> [WHAT IS NEEDED]: Repeat the listing exactly, minus the pictures.

> [GIVEN MATERIAL]:
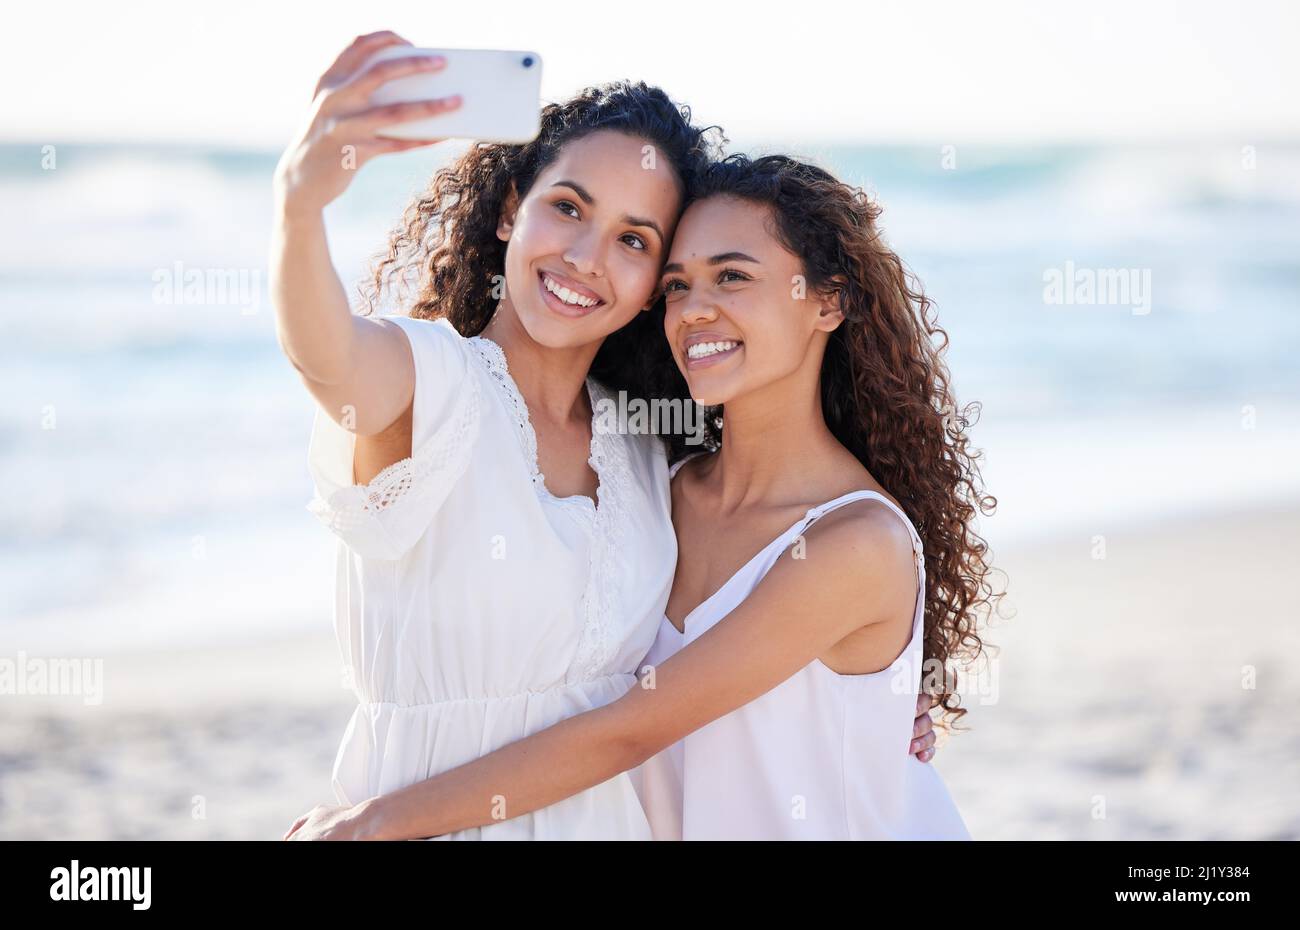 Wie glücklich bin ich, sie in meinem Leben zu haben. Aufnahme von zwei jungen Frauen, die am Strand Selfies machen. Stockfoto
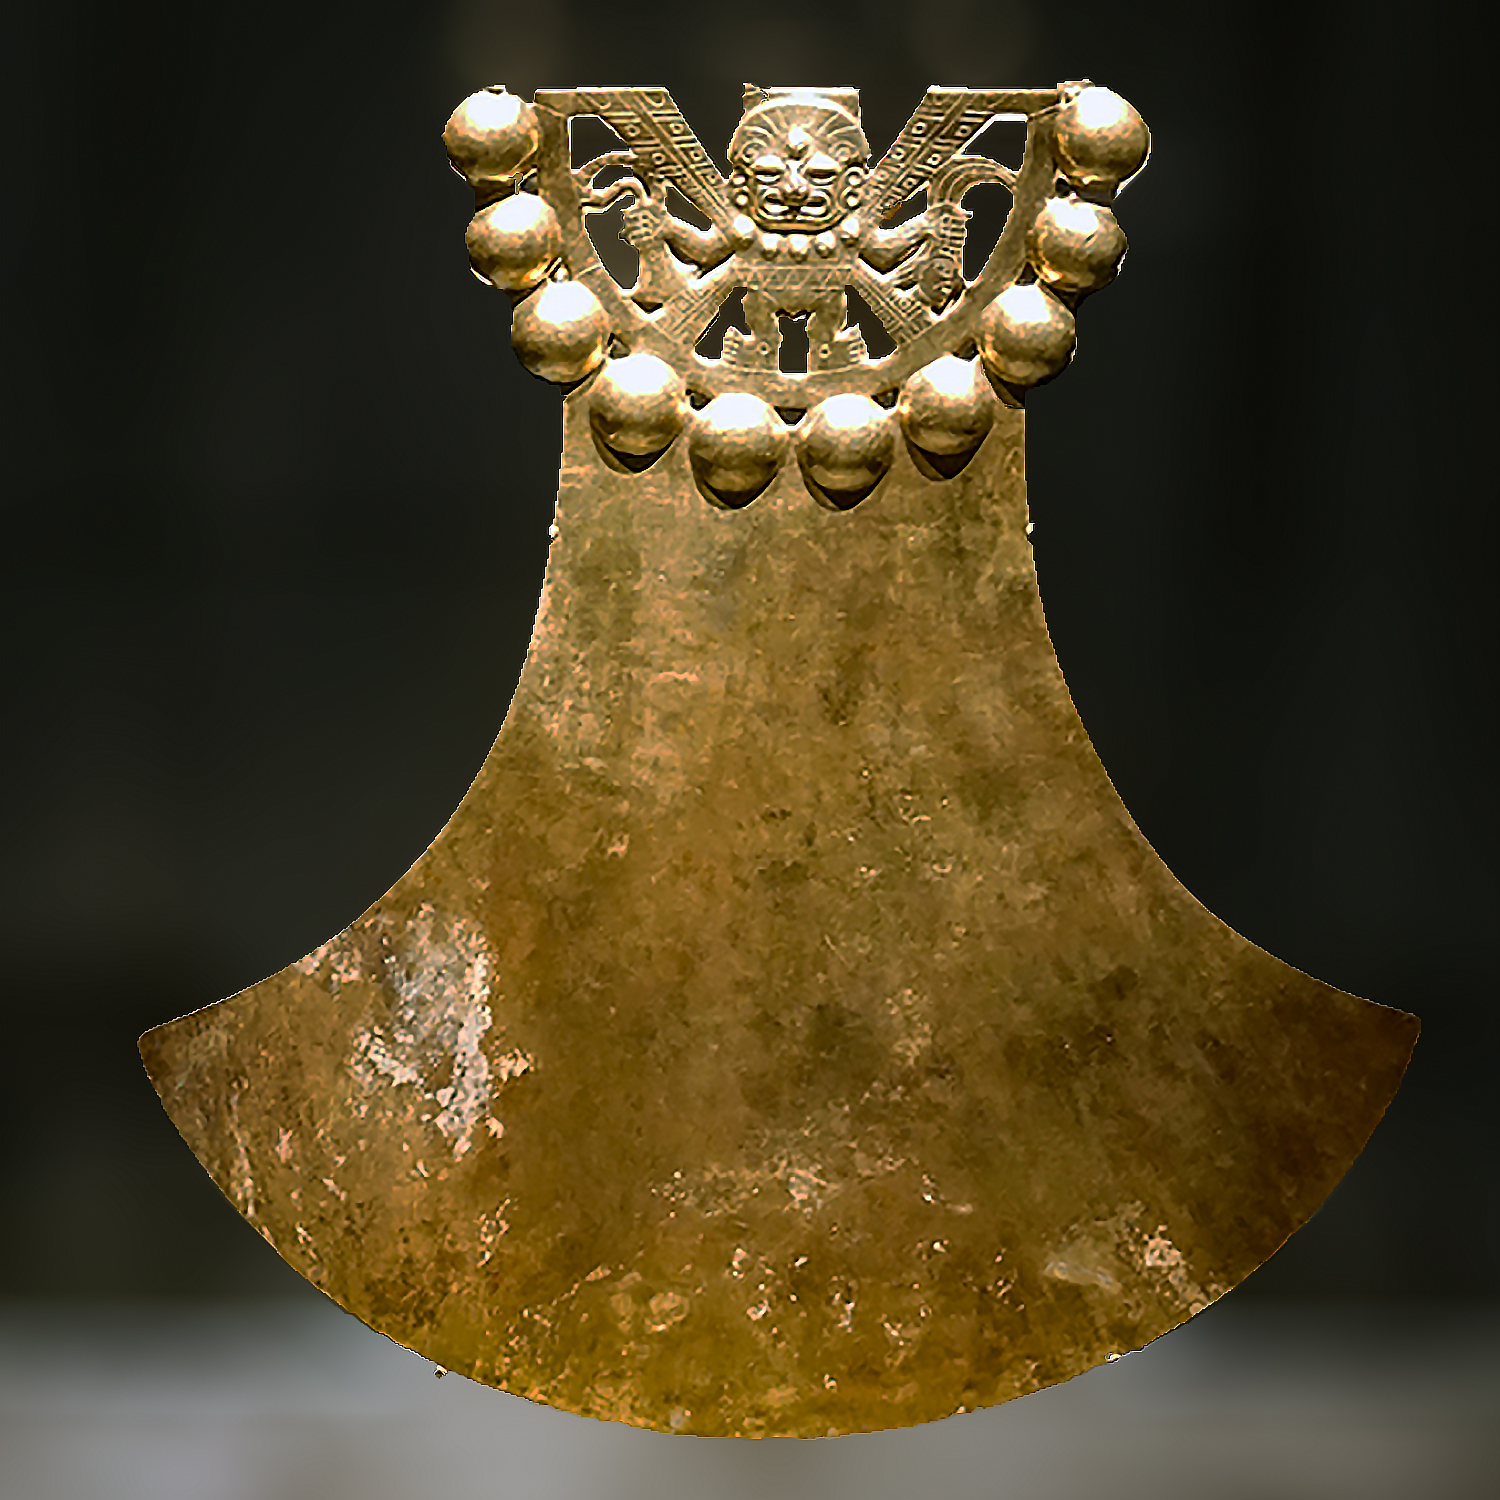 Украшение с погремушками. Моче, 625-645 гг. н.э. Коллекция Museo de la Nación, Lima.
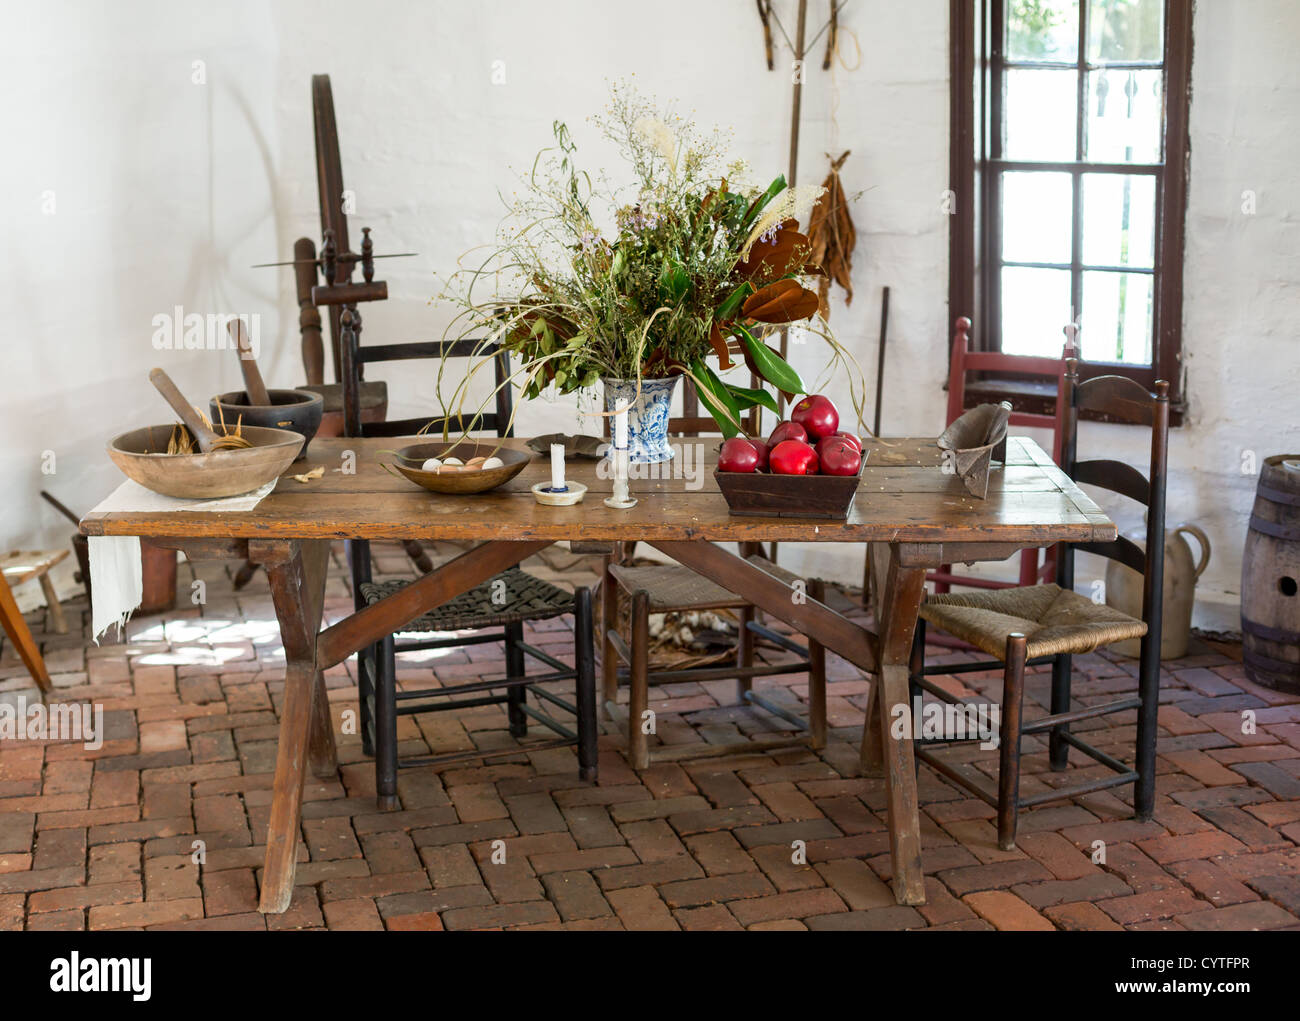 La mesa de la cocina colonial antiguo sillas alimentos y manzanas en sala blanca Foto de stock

> [ANSWER TO THIS PROBLEM]:
 Wie glücklich bin ich, sie in meinem Leben zu haben. Aufnahme von zwei jungen Frauen, die am Strand Selfies machen. Stockfoto
 Украшение с погремушками. Моче, 625-645 гг. н.э. Коллекция Museo de la Nación, Lima.
 La mesa de la cocina colonial antiguo sillas alimentos y manzanas en sala blanca Foto de stock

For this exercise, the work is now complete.